> [Given information]
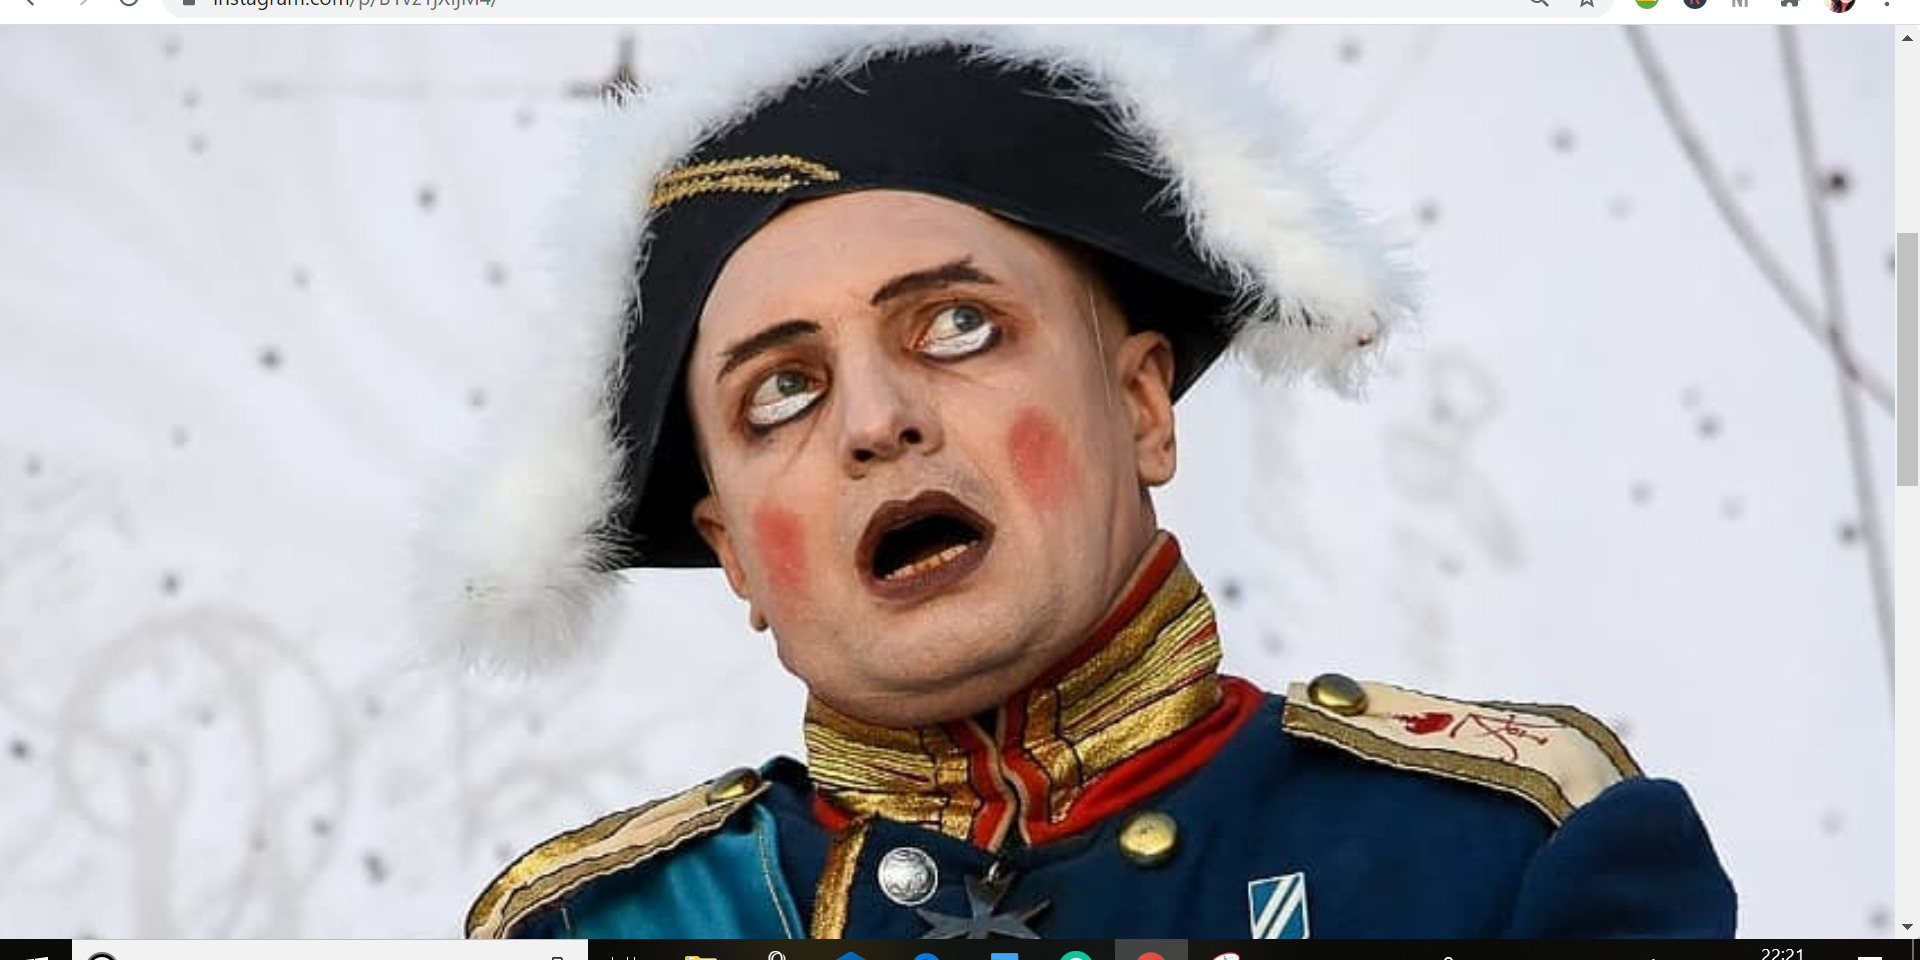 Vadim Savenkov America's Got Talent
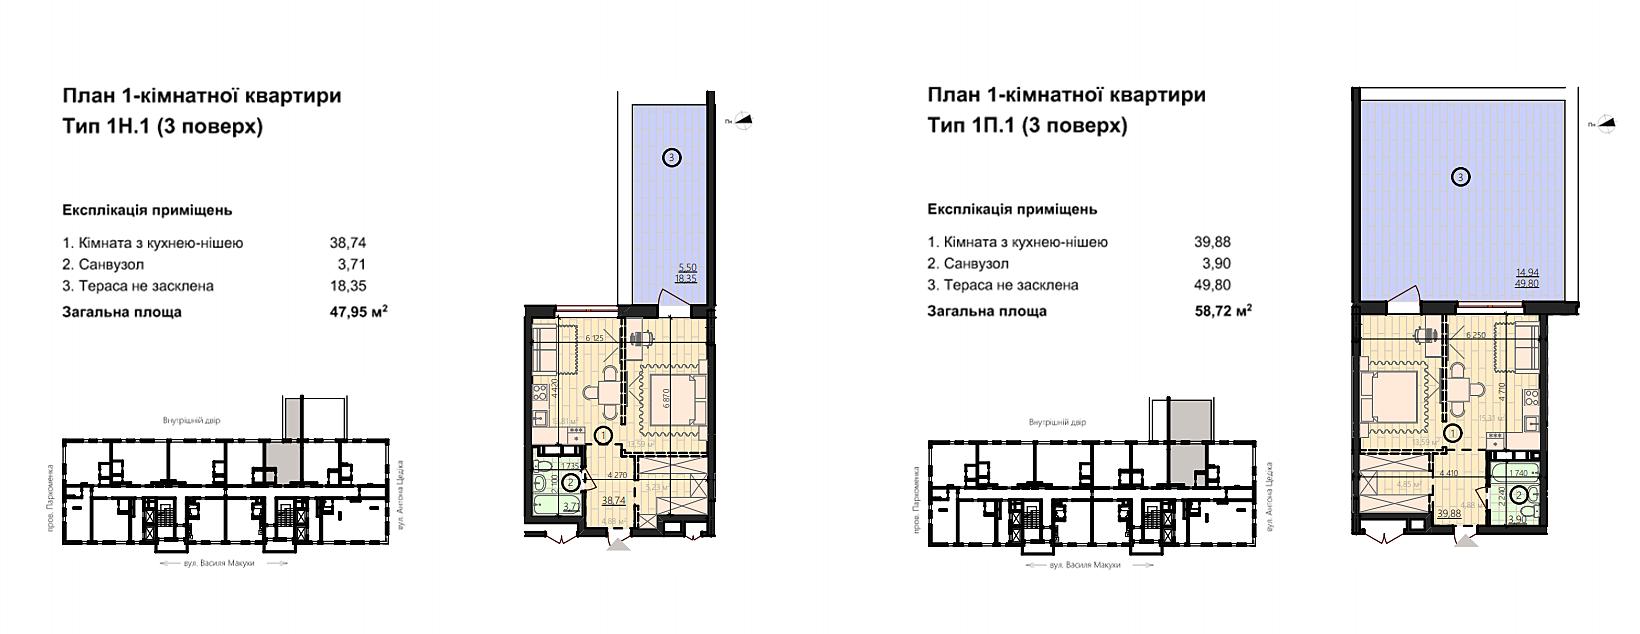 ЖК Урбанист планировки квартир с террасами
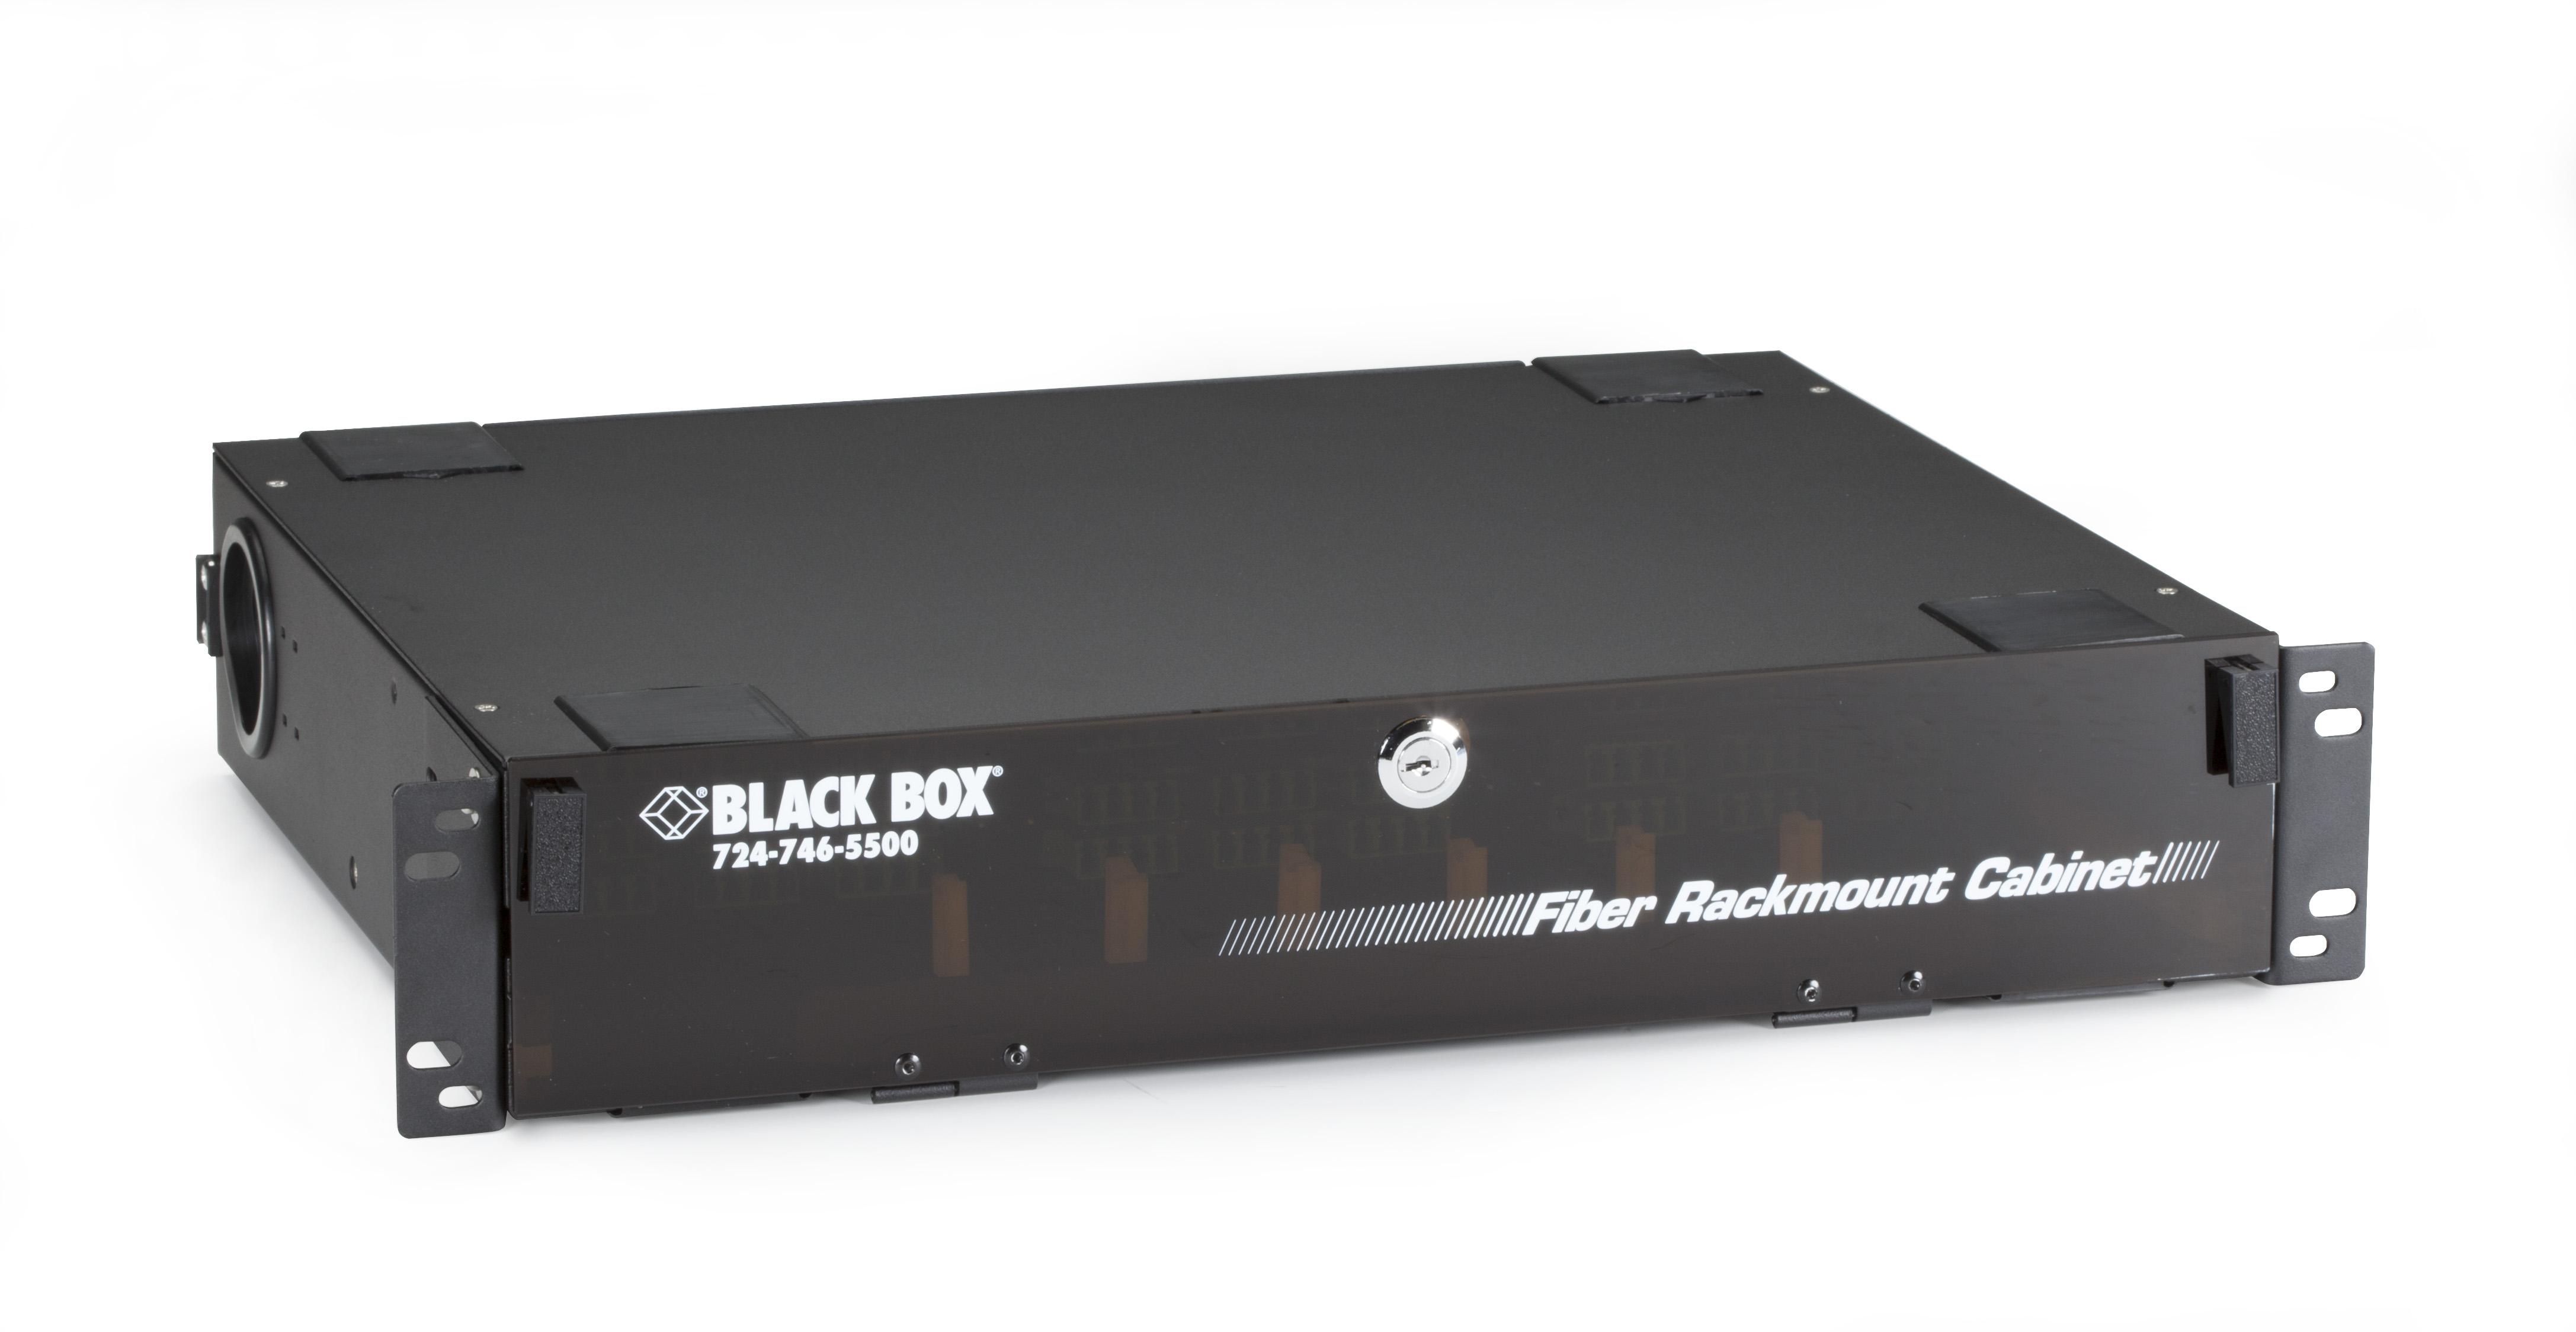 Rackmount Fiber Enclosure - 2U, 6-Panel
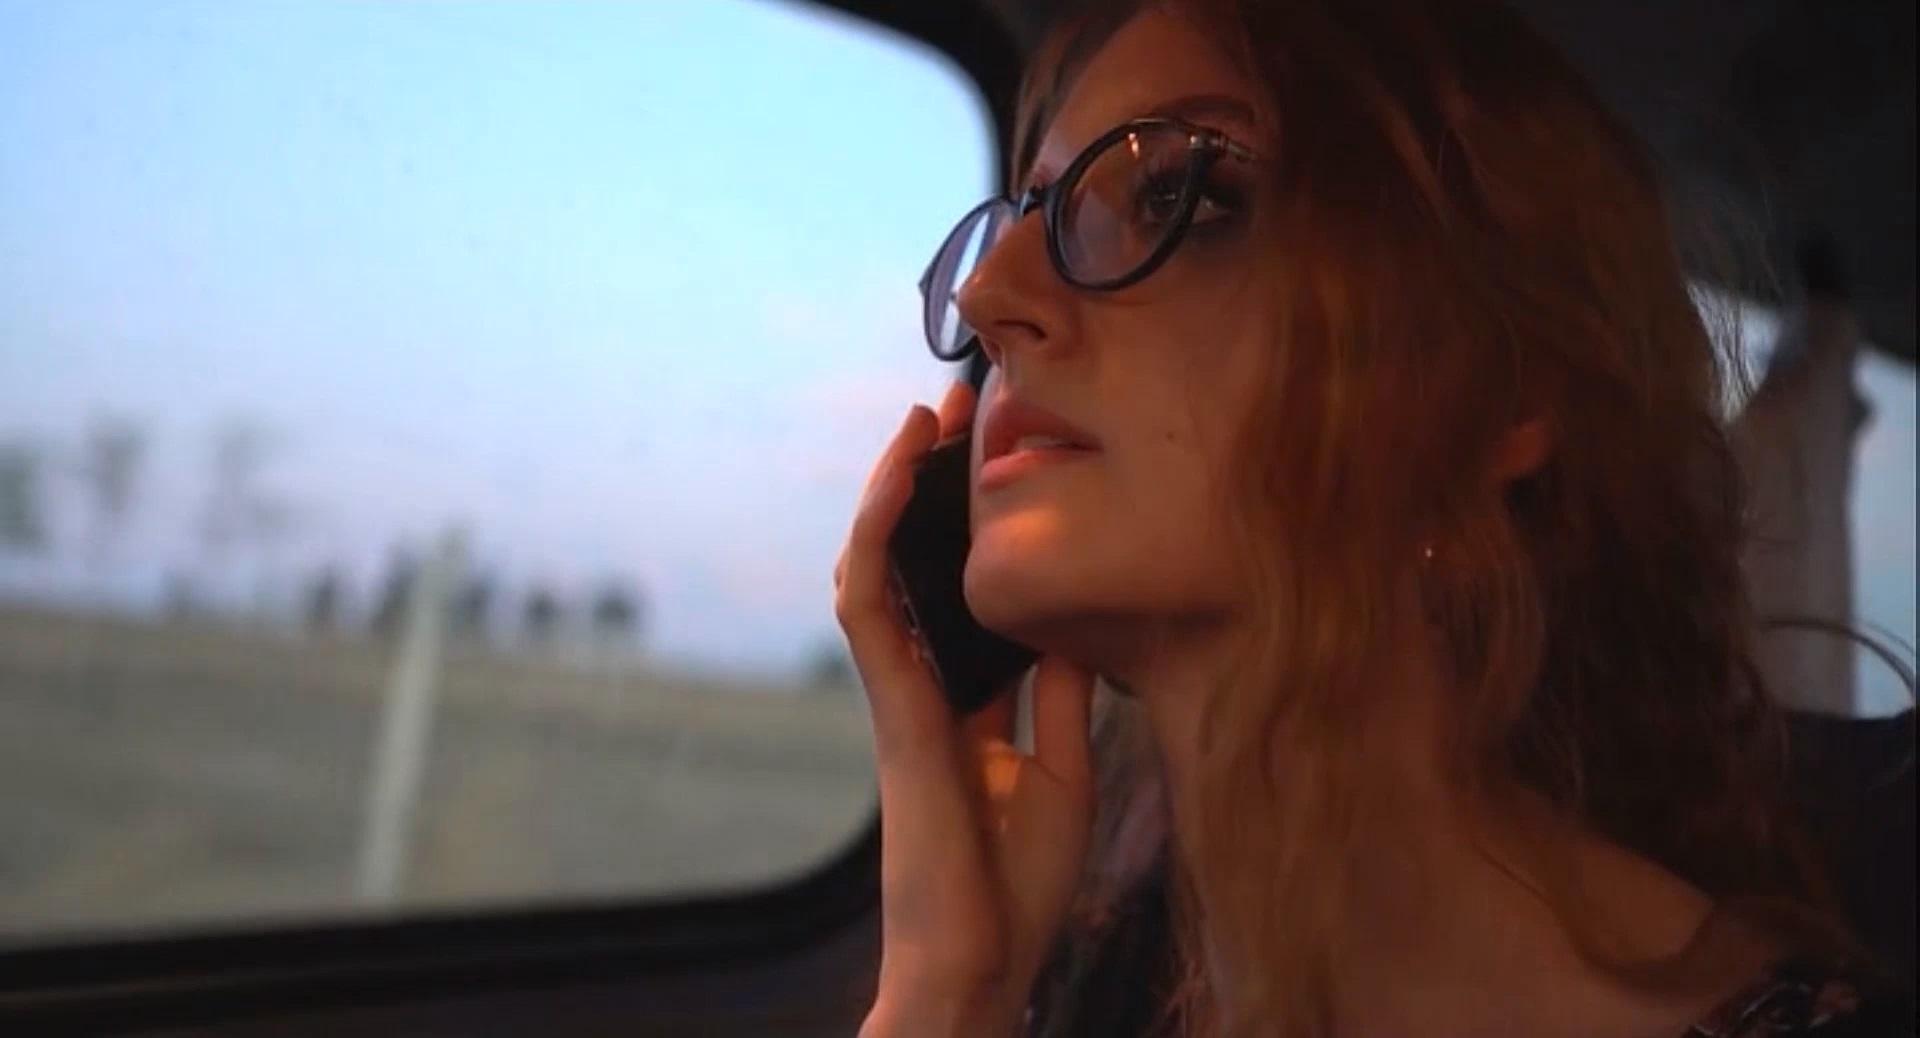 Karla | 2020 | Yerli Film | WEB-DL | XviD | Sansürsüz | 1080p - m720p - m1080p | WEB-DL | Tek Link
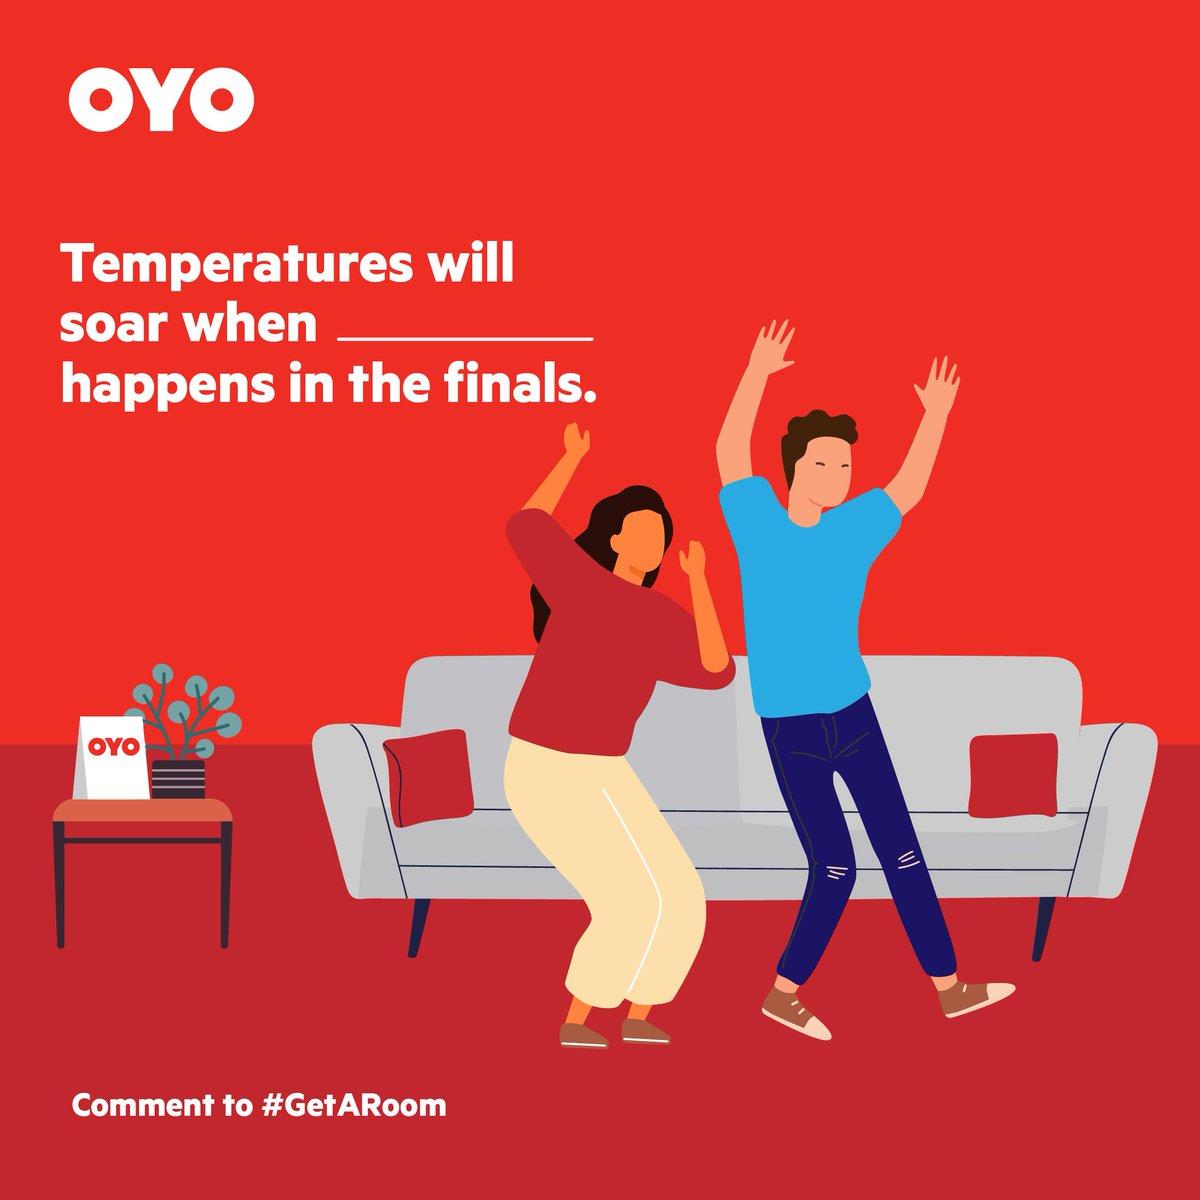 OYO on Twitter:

> [What the task requires]
Output only the lines running from the line with "Karla | 2020" through the last line of the entries above, inclusive, with pictures excluded.

> [The completed task]
 Karla | 2020 | Yerli Film | WEB-DL | XviD | Sansürsüz | 1080p - m720p - m1080p | WEB-DL | Tek Link
 OYO on Twitter:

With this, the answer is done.